思わぬ言葉に面食らって隣を見れば、まるで憧れの人を見る目で、その子は偲さんを見ていた。俺の視線に気が付いたのか、彼女は俺を見上げてきた。


「えっと、何か?」


「いや、偲さんが『女性』って知っているんだ~って?」


「あ、っ……な、内緒なのは知っているんですけど、不可抗力で、治療しまして」


「ああ、治癒士だもんね~」


「だ、大丈夫です!惚れているって言っても、憧れの存在で、恋とかじゃないです!あとタイプなのはどっちかっていうと朝比奈副団長の方です!」


「へえ、昌澄の兄上ね。兄上の方じゃないの珍しいな」


真っ赤になりながら凄い告白したな、この子。

兄上の方が王子様っぽいから万人受けするけど、昌澄の兄上はハイスペックだけどちょっと変人ぽいから、どっちかっていうと蔵人受けだからな~

なんて思いつつ前を見た。


剣をふるいながら、吉川団長と偲さんが冷泉 百合子に突っ込んでいく。

維澄が二人の邪魔をさせないように周りの『蝕毒』を次々に斬りつけていく。


もう一度、目を閉じて『彩眼』の本領発揮をする世界を見る。


見えるのは『蝕毒』に侵された騎士。


その真っ黒い魔力が全身に回っているのが見えるが、その中心は心臓。

つまりは、心臓に絡みついているのだろう。


ただ、心臓を刺したところでは終わらなそうだ。


斬るだけじゃダメだ。

分離……。


そこでハッとした。


さっき、偲さんが分離させた水島さんの心臓をそのまま見た。


見えるのはまるっきり色のない心臓。


つまり、心臓から完全に切り離せれば、『蝕毒』は生きられない?

こっちの魔力の色だけの世界で判別できるのは家族だけ。

だったらっ!と、この状態でしっかりと判別できる唯一の人間を見た。


「維澄!『蝕毒』に浸食された兵士の心臓をくり貫いてみて!」


大声で叫んだ瞬間、「なんつう無謀なこと言うんだよ!?」と泣き言を言いつつも、維澄が剣で地面に触手を出す騎士を固定し、剣を心臓に突き刺している。
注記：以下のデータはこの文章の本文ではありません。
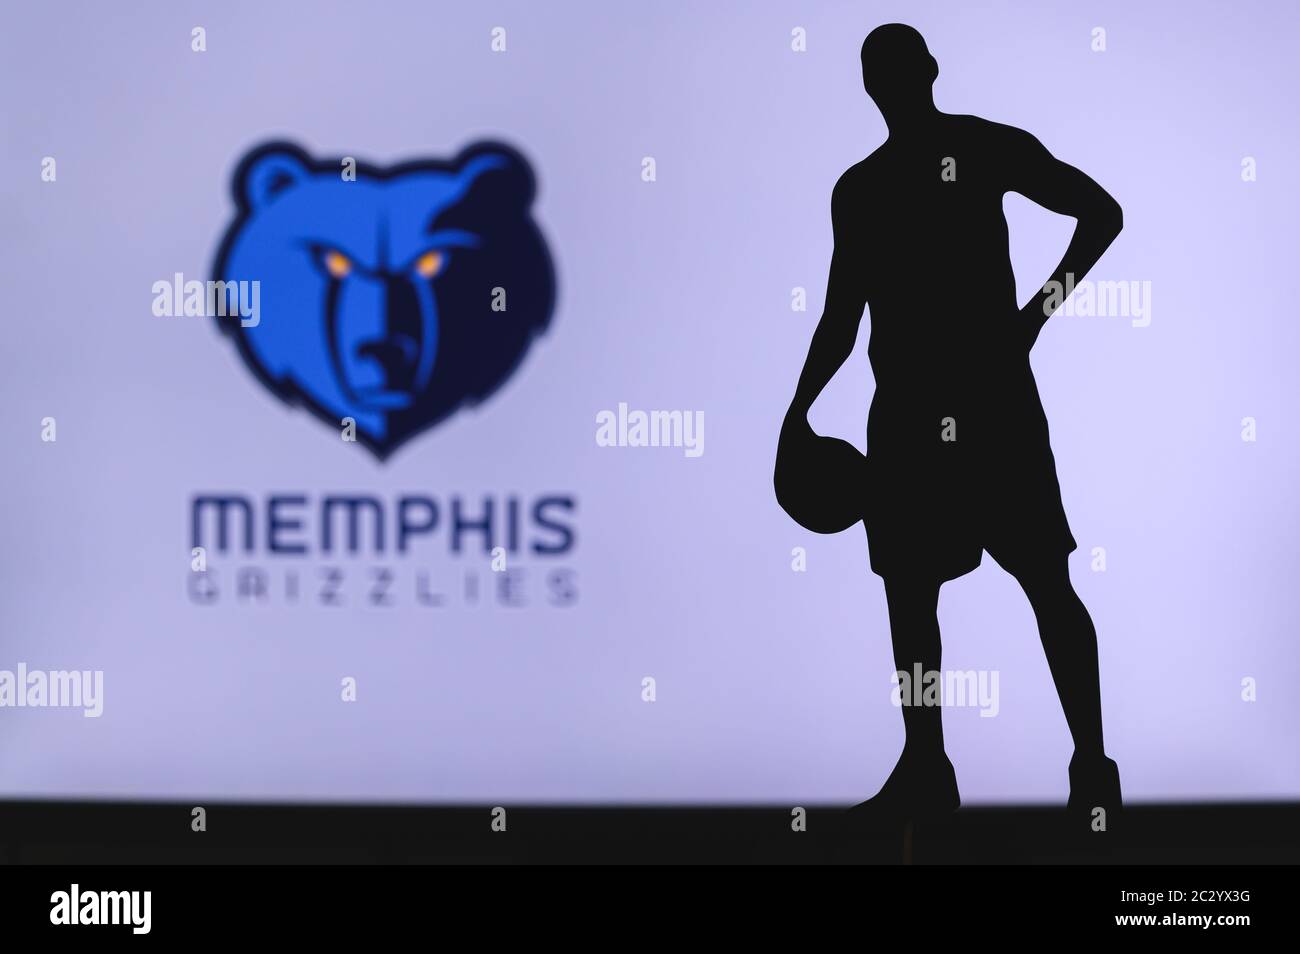 NEW YORK, USA, 18 GIU 2020: Memphis Grizzlies logo di club di basket professionale in lega americana. Silhouette del giocatore di basket in primo piano. SpO Foto Stock

偲さんがやったようにゴリゴリと嫌な音を立てながら心臓をくり貫いて、分離させた。


その心臓を投げた瞬間、その触手の黒が、シュルシュルと消えていき、『蝕毒』が消えた。


目を閉じて彩眼の世界から戻ってきた。


「間違いない!心臓をくり貫けば、『蝕毒』は消える!みんな、心臓をくり貫いて!」


「な、なんということを……。」


隣でドン引きした声が聞こえたけど、そこは笑って誤魔化した。


本領発揮したように第三騎士団の騎士たち連携を取り始めた。


数人がかりで、剣で地面に騎士を固定して、心臓をくり貫く。


負傷した人間の腕や足を切り落として、ここまで運ぶ。


ゴリっという骨を切る音に治癒士の彼女は「ひっ!?」と小さな悲鳴を上げる。


「う、うわあ」


隣の治癒士の彼女はガタガタ震えながらも、治癒魔法を展開し続けた。


俺も同じように治癒魔法を展開する。


「あれ、俺生きて、る」


急に響いた声で、水島さんが意識を取り戻したのに気が付いた。


ただ、その口にべったりと着いた血を見て、

そう言えばさっき、偲さんが人工呼吸、迷わずやったな、

なんて思い出した。


――思いっきりキスじゃん。


キョトンとする水島さんを見たら、何故か無性に腹が立った。